Here's a 'who's who' of the instantly iconic Vanity Fair photo of the new women of Congress

Martin Schoeller for Vanity Fair(From left to right) Alexandria Ocasio-Cortez, Ayanna Pressley, Ilhan Omar, Deb Haaland, Veronica Escobar, and Sharice Davids.
  • Vanity Fair recently published an article on Washington’s power players which included a now-iconic image of six new Congresswomen – Alexandria Ocasio-Cortez, Ayanna Pressley, Ilhan Omar, Deb Haaland, Veronica Escobar, and Sharice Davids.
  • The six new members are part of the most diverse class of Congress in US history.
  • Here’s who they are:

New York Representative Alexandria Ocasio-Cortez

Scott Eisen/Getty ImagesAlexandria Ocasio-Cortez speaks at a rally opposing Judge Brett Kavanaugh’s nomination to the Supreme Court in October 2018.

Alexandria Ocasio-Cortez, who represents New York’s 14th District, is the youngest woman ever elected to Congress. Ocasio-Cortez, who ran on a progressive platform and identifies as a democratic socialist, is a social media favourite with nearly two million Twitter followers. The young congresswoman beat veteran Democratic Rep. Joe Crowley in the primaries, shocking many in the Democratic Party.

Massachusetts Representative Ayanna Pressley

Ayanna Pressley, who represents Massachusetts’ 7th district, is the first African-American woman to ever represent the state in Congress. Pressley, a former Boston city councilwoman, ran on a progressive platform and ousted 10-term Rep. Michael Capuano in the primaries. Pressley ran on the basis that her district, the only majority minority in Massachusetts, needs to be represented by a leader who is at the forefront of the progressive movement and the anti-Trump “resistance.”
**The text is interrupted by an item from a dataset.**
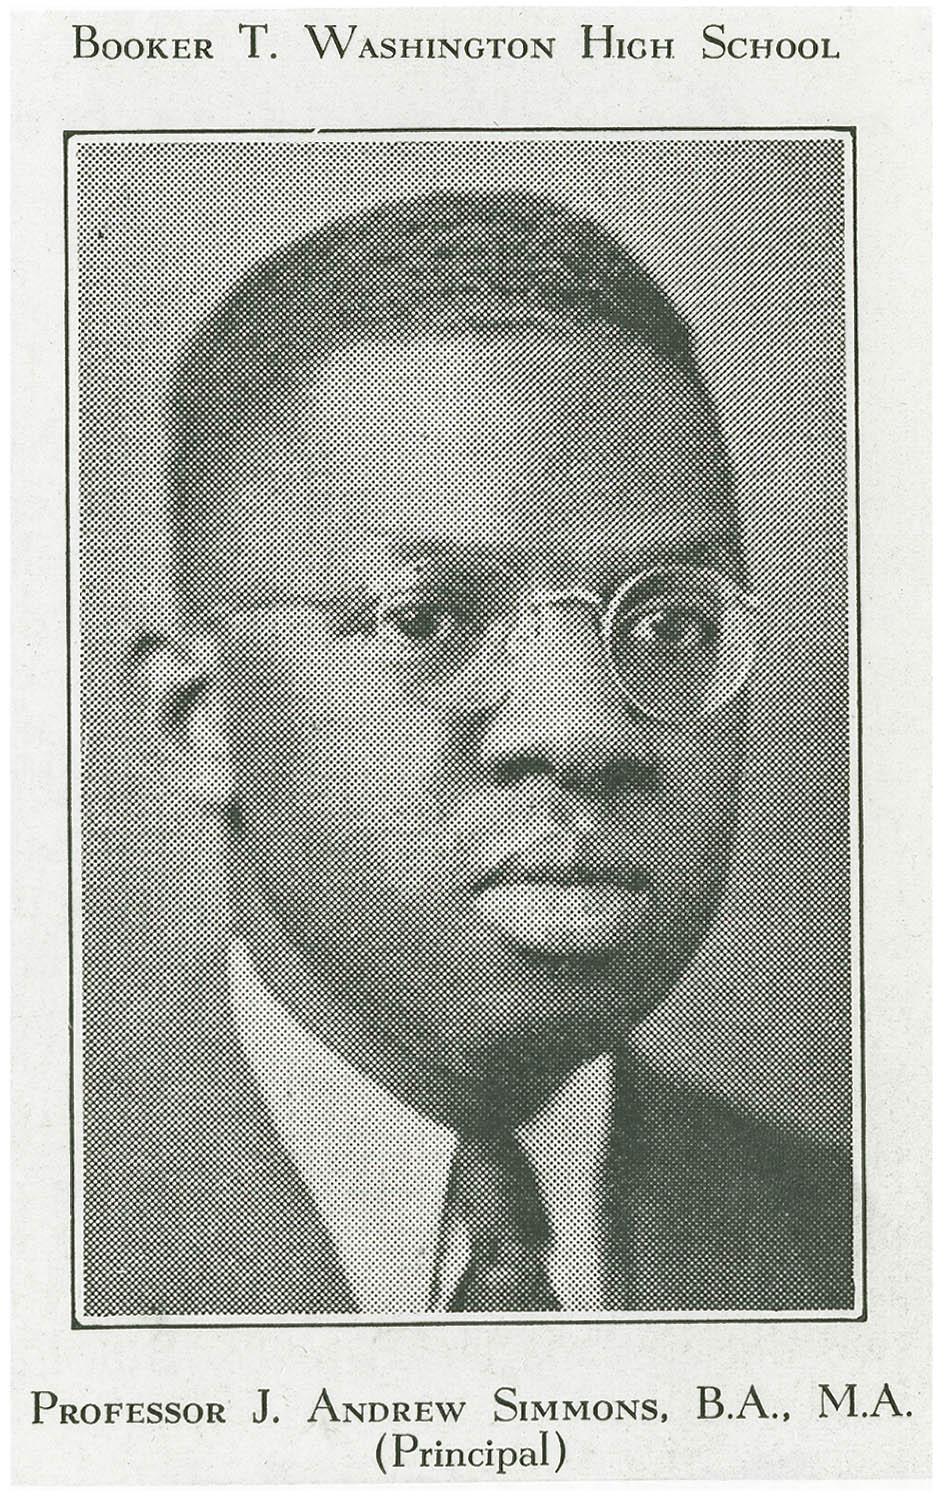 Portrait of Avery Alumnus and Teacher, Professor J. Andrew Simmons

Minnesota Representative Ilhan Omar

Ilhan Omar, a representative from Minnesota’s 5th District, is the first Somali-American elected to Congress and one of the first two Muslim women elected to serve in Capitol Hill. Omar, who came to the US as a refugee, has previously said she plans “to hold this administration accountable and be a true check and balance.” She succeeded Keith Ellison, the first Muslim elected to Congress, who was elected Minnesota’s attorney general.

New Mexico Representative Deb Haaland

Deb Haaland, who represents New Mexico’s 1st district, is one of the first two Native American women elected to Congress. Haaland, a member of the Laguna Pueblo people and the daughter of two US veterans, is an attorney and previously served as chair of the Democratic Party in New Mexico. On Wednesday, she wore traditional Pueblo clothing during her swearing-in ceremony.

Texas Representative Veronica Escobar

(AP Photo/J. Scott Applewhite)Rep.-elect Veronica Escobar, D-Texas, with Rep. John Sarbanes, D-Md., right, joins House Democratic Leader Nancy Pelosi of California and newly-elected members at a news conference to discuss their priorities when they assume the majority in the 116th Congress in January, at the Capitol in Washington, Friday, Nov. 30, 2018.

Veronica Escobar, who represents Texas’ 16th District, is one of the first two Latinas to represent Texas in Congress. The former El Paso County judge succeeded Beto O’Rourke as he made an attempt to win a Texas Senate seat. Escobar is joined in her feat by Sylvia Garcia, a representative from Houston.

About 40% of Texans are Hispanic or Latino, but voters had never elected a Latina woman to either chamber of Congress.

Kansas Representative Sharice Davids

Sharice Davids, from Kansas’ 3rd District, is one of the two first Native American women elected to Congress. Davids, who is a lesbian, is also the first member of the LGBTQ community from Kansas to be elected to Congress. Davids is a professional mixed martial arts artist and a member of the Ho-Chunk tribe. In the 2018 primaries, Davids defeated fellow Democrat Brent Welder, who had been endorsed by Bernie Sanders.